Je suis d’abord frappé par la relative discrétion des médias. J’ai parfois le sentiment que la situation qui prévaut à Hong Kong est plus digne d’intérêt. On peut s’étonner de ce manque de clairvoyance, tant une déstabilisation durable de l’Algérie ne manquerait pas d’avoir des conséquences géopolitiques majeures non seulement pour le pays mais pour l’ensemble de la région.

Il est vrai que l’Algérie suscite souvent chez les commentateurs français un inconfort lié à une méconnaissance des arcanes d’une société proche et lointaine.
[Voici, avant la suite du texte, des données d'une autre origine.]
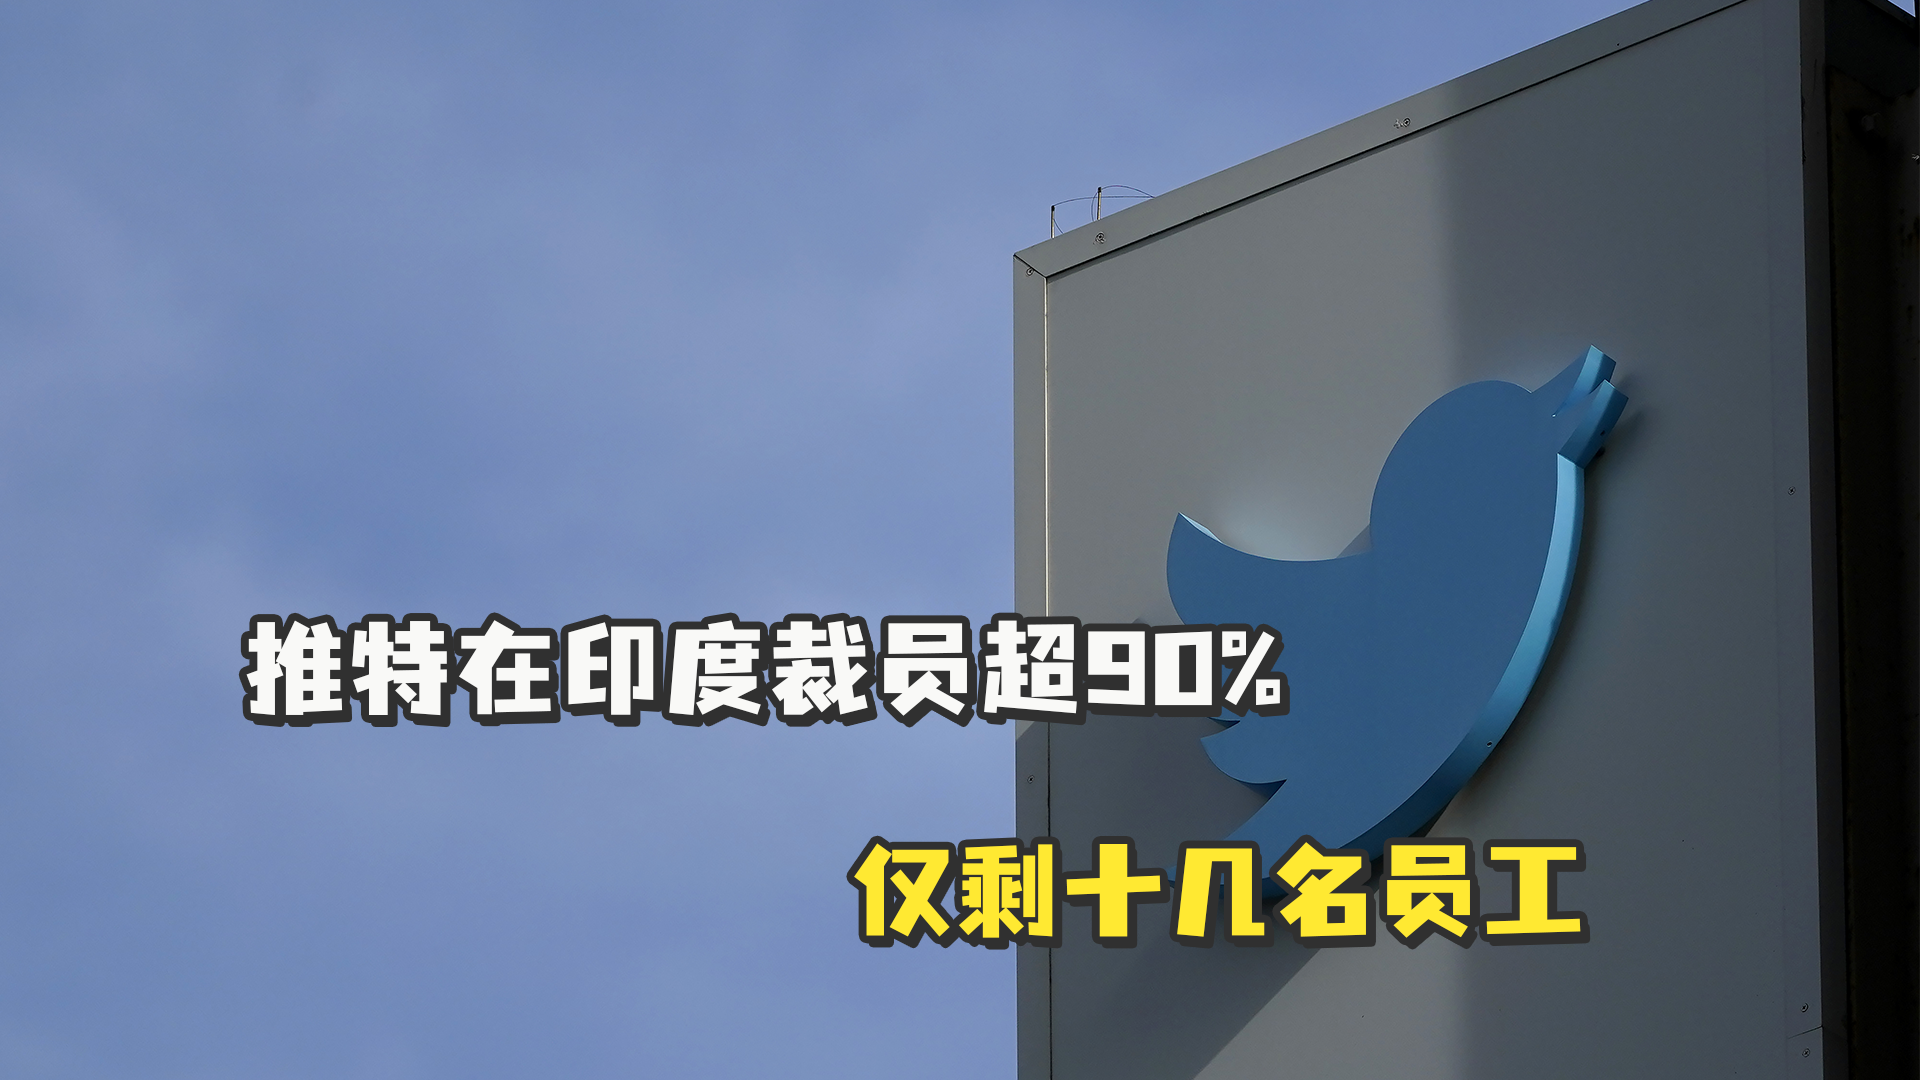 美媒称马斯克收购推特后将裁员75%，推特慌忙否认

L’analyse est en outre distordue par le poids des mémoires. On ne doit pas sous-estimer la peur chez beaucoup d’en dire trop ou pas assez. Aussi, les réactions à la situation actuelle oscillent-elles fréquemment entre maladresse, silence embarrassé et précipitation.

La France devra-t-elle choisir entre défendre ses intérêts économiques en Algérie, notamment l’exploitation du sous-sol par Total (pétrole, gaz, gaz de schiste…) et ses valeurs humanistes, écologique et démocratiques ?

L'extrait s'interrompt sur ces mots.